The drawing was beautiful, requiring a skill that few possessed. But he much preferred the bloom in his hand, even with the damaged petal.

He reached over and tucked the bloom into Georgina’s hair. “I believe your sister is in the upstairs parlor. Perhaps now would be a good time to try your new habits.”

She pressed the sketchbook to her chest. “Yes. I suppose so.”

Her body remained on the bench for several moments until he couldn’t stand it anymore. He couldn’t deal with the colorless, flat Georgina, not when he knew the vibrant and real one existed.

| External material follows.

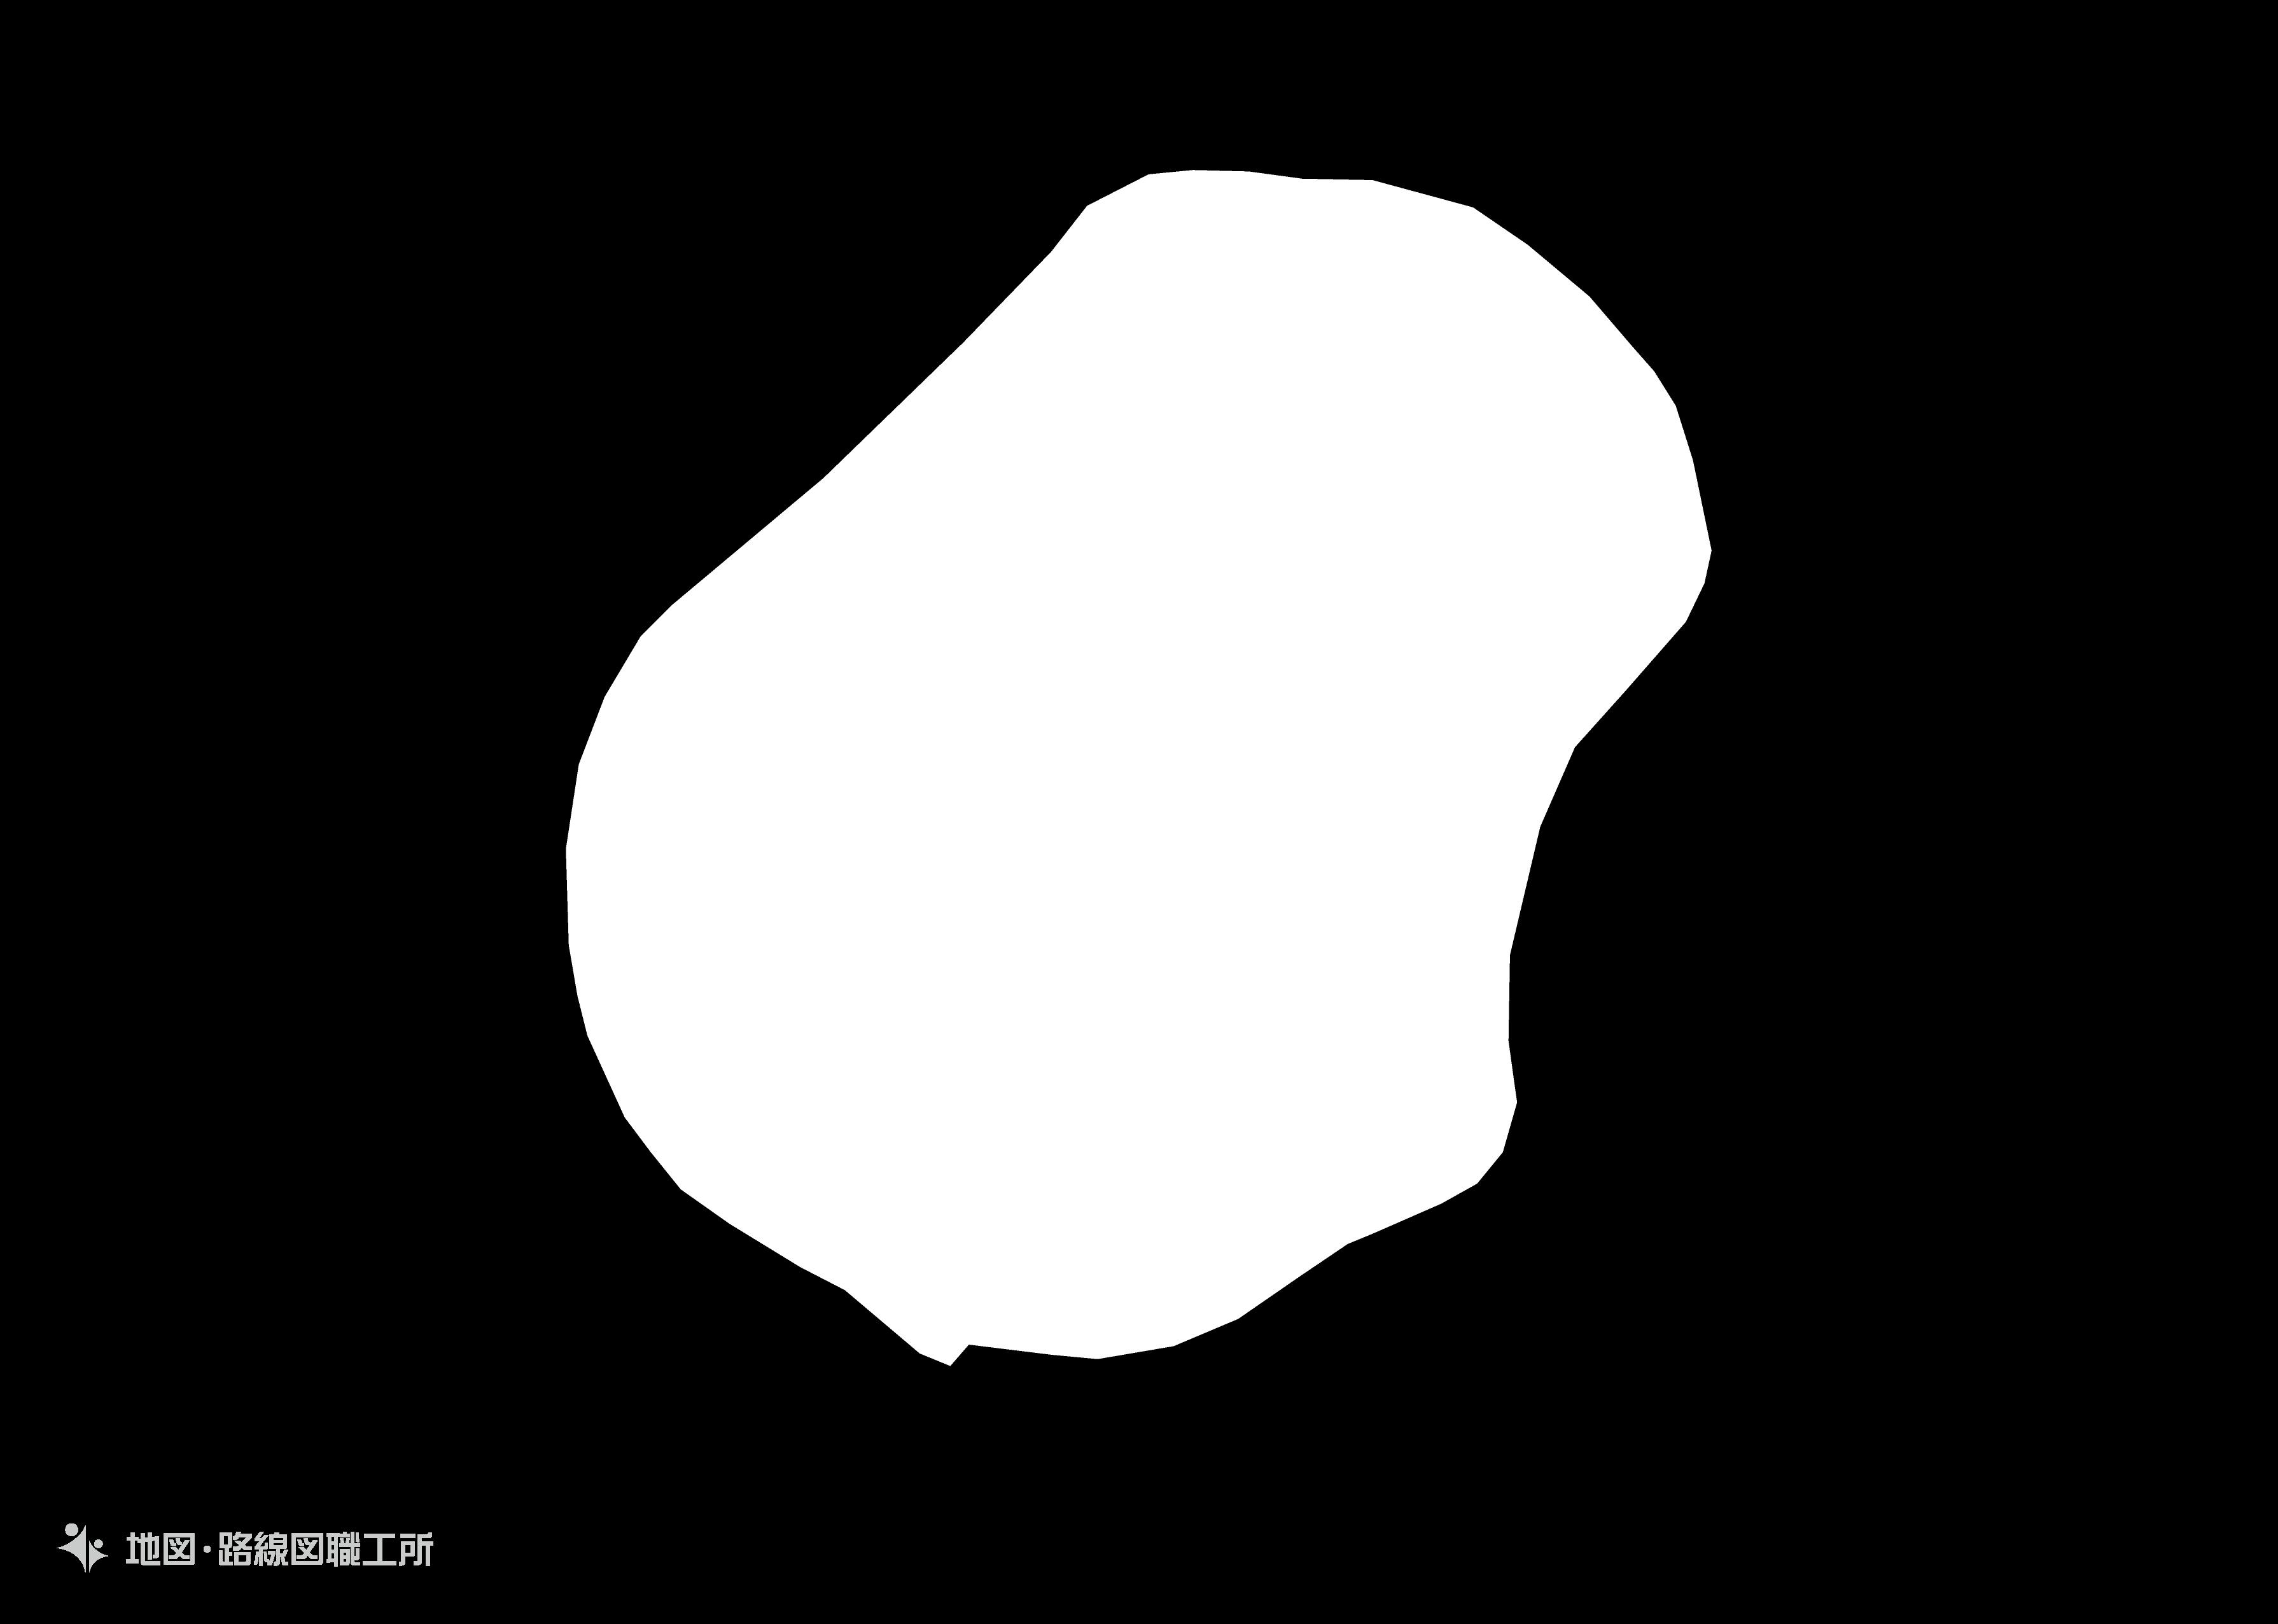 世界の白地図 ナウル共和国 republic-of-nauru map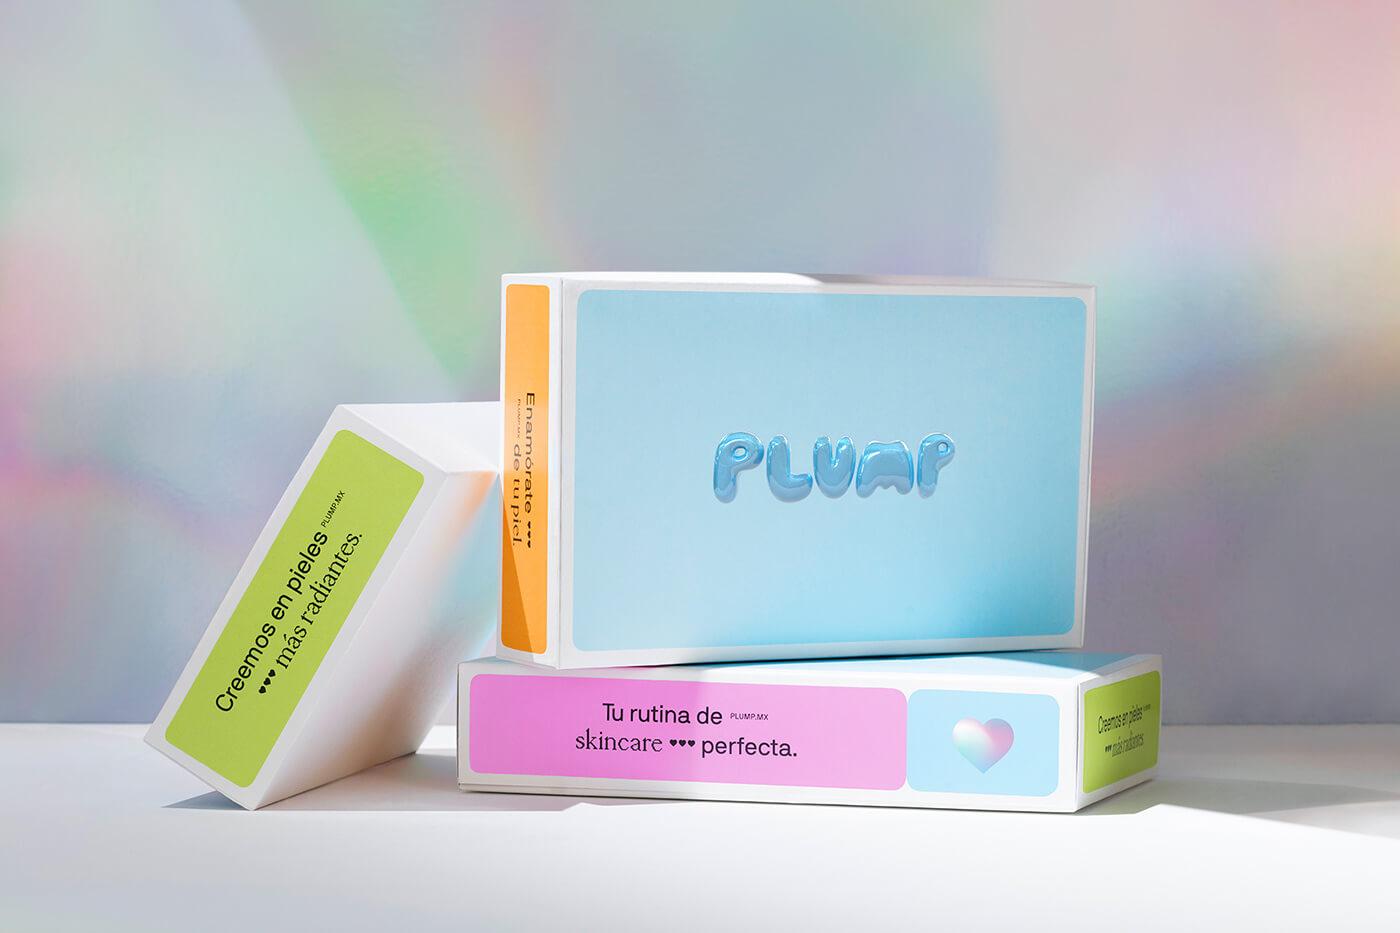 Plump Brand Identity

He pushed up from the bench and began walking along the path toward the house. “I’ll see you at dinner.”

Ryland wouldn’t let him get by with skipping another meal now that there was company in the house. So, yes, he would see her at dinner, but he’d avoid her as much as possible the rest of the time. And as soon as he figured out somewhere to go, he’d leave.

He cast one more look at her before he went into the house, her slumped shoulders urging him to retrace his steps back to her side.

Who was he fooling? He wasn’t leaving this house until she did. She was quickly becoming his weakness. The thing he’d rashly sacrifice for in order to save. He still didn’t know, might never know, what his father had been trying to save when he put his company up as a bid that long ago night. But if his motivation was anything like what Colin felt when he looked at Georgina, it was a wonder Colin didn’t own the entire company.